--- EXERCISE DESCRIPTION ---
Drop every picture, then print the rest of the listing exactly as given.

--- DATA EXCERPT ---

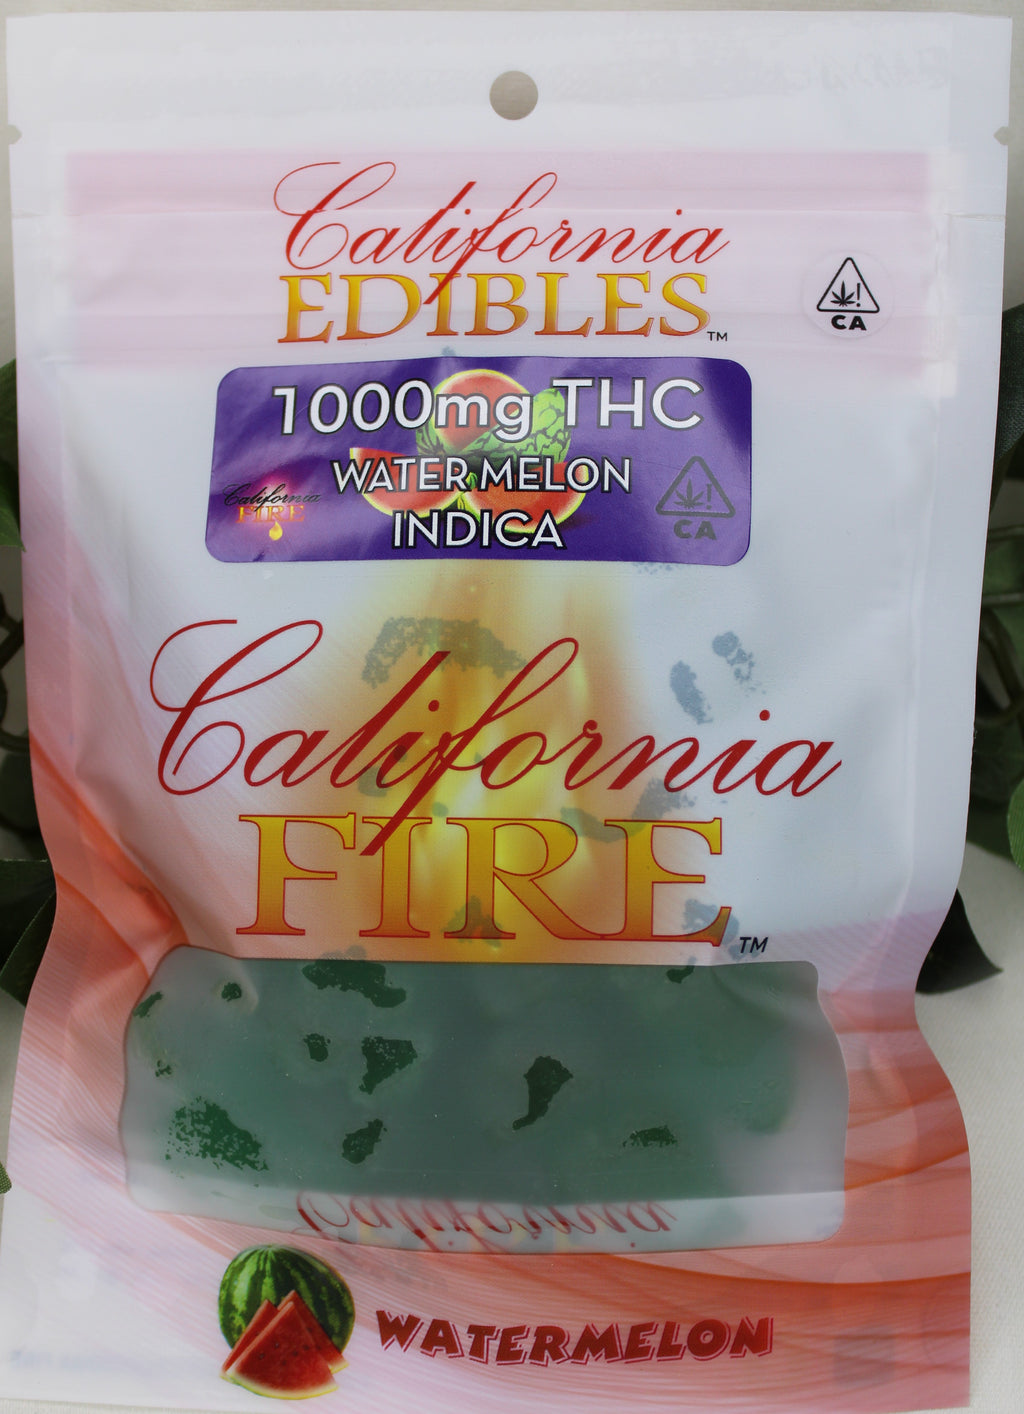 California Fire 1000mg "Watermelon" THC Edible
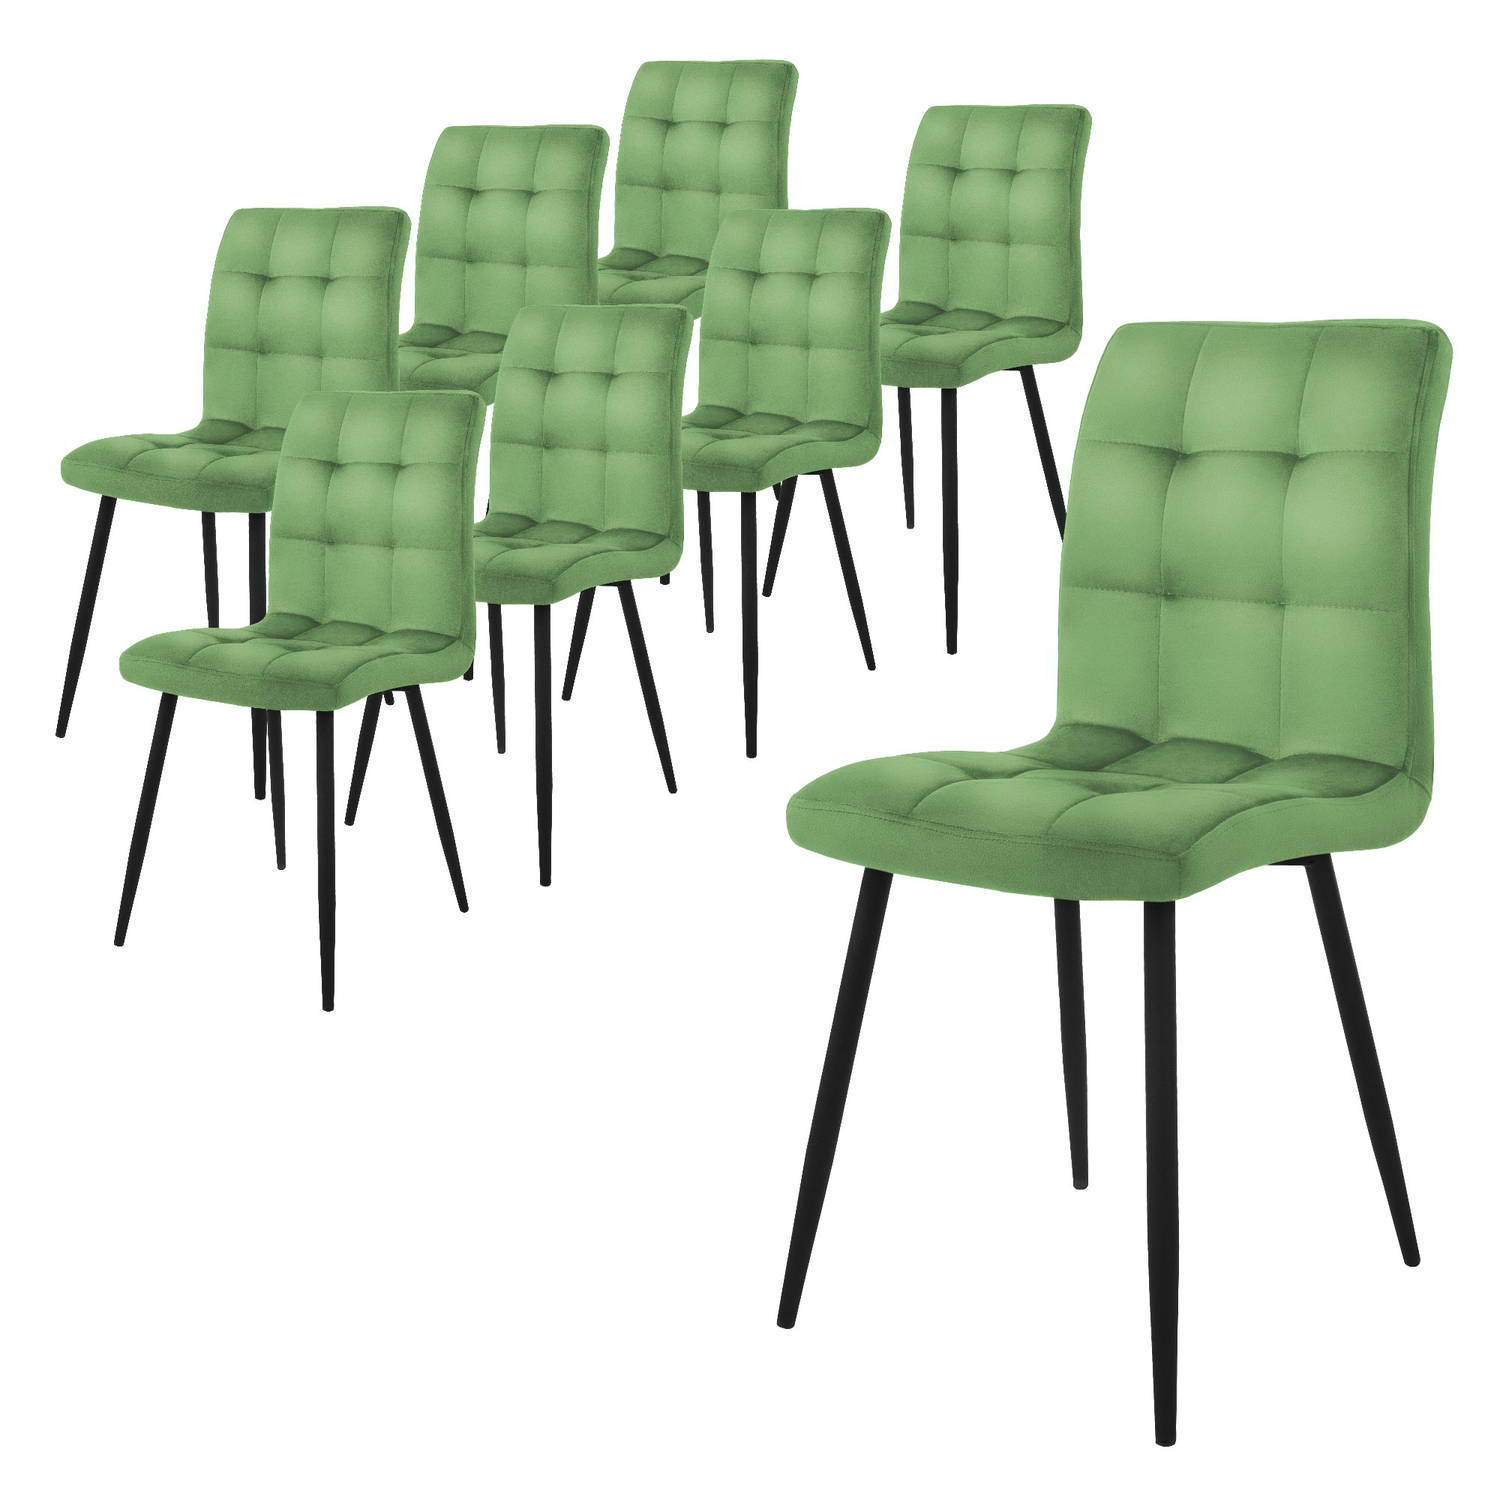 ML-Design eetkamerstoelen set van 8, salie, keukenstoel met fluwelen bekleding, woonkamerstoel met rugleuning, gestoffeerde stoel met metalen poten, ergonomische stoel voor eettafe
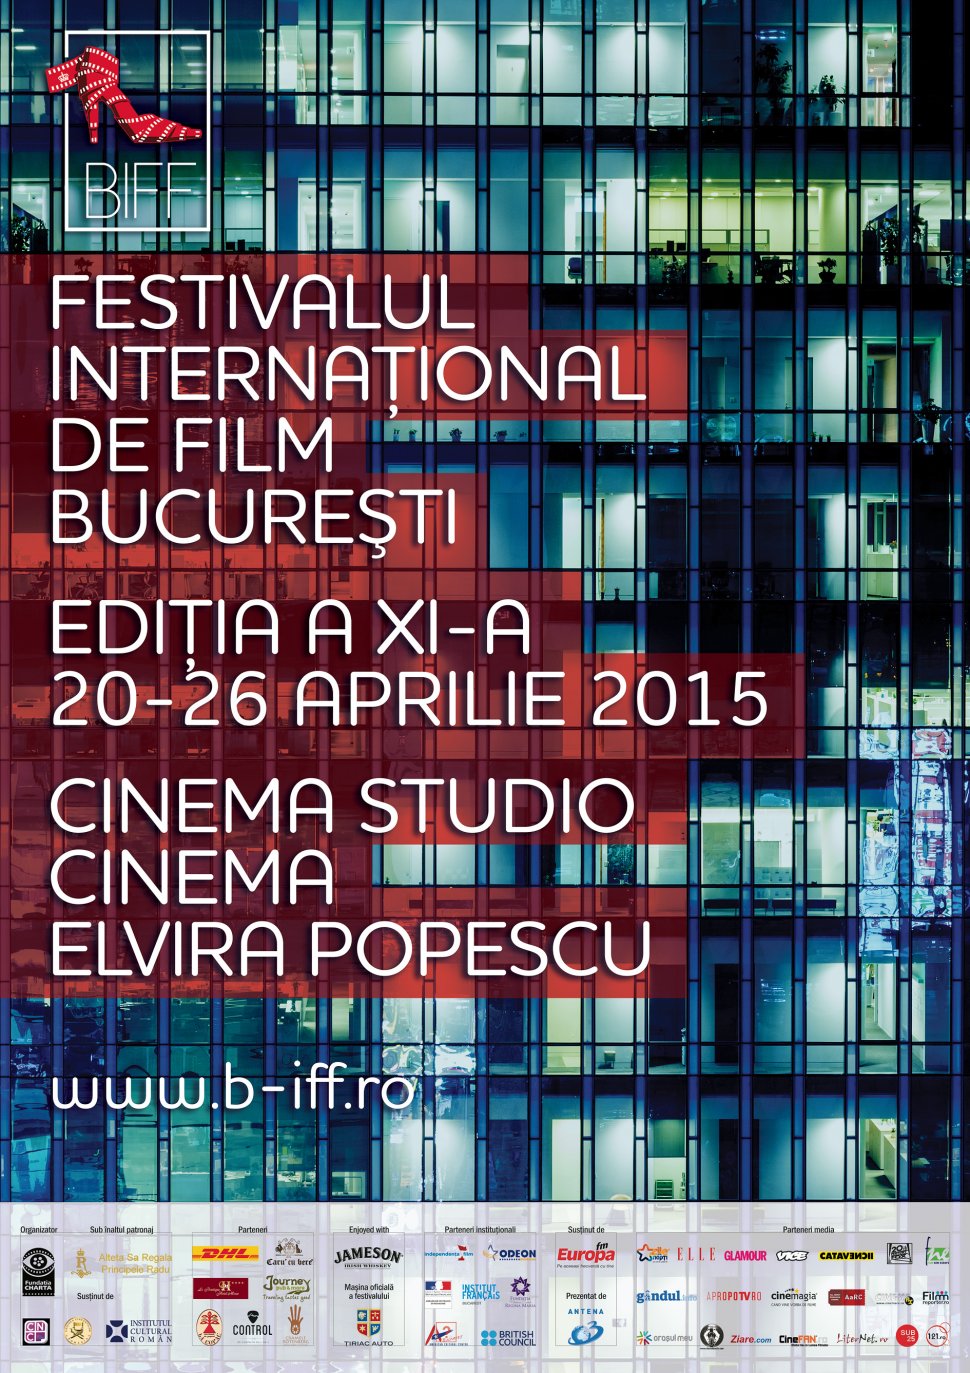 Şase filme în competiţia Festivalului Internaţional de Film Bucureşti 2015

--- TASK RESULT ---
 California Fire 1000mg "Watermelon" THC Edible
 ML-Design eetkamerstoelen set van 8, salie, keukenstoel met fluwelen bekleding, woonkamerstoel met rugleuning, gestoffeerde stoel met metalen poten, ergonomische stoel voor eettafe
 Şase filme în competiţia Festivalului Internaţional de Film Bucureşti 2015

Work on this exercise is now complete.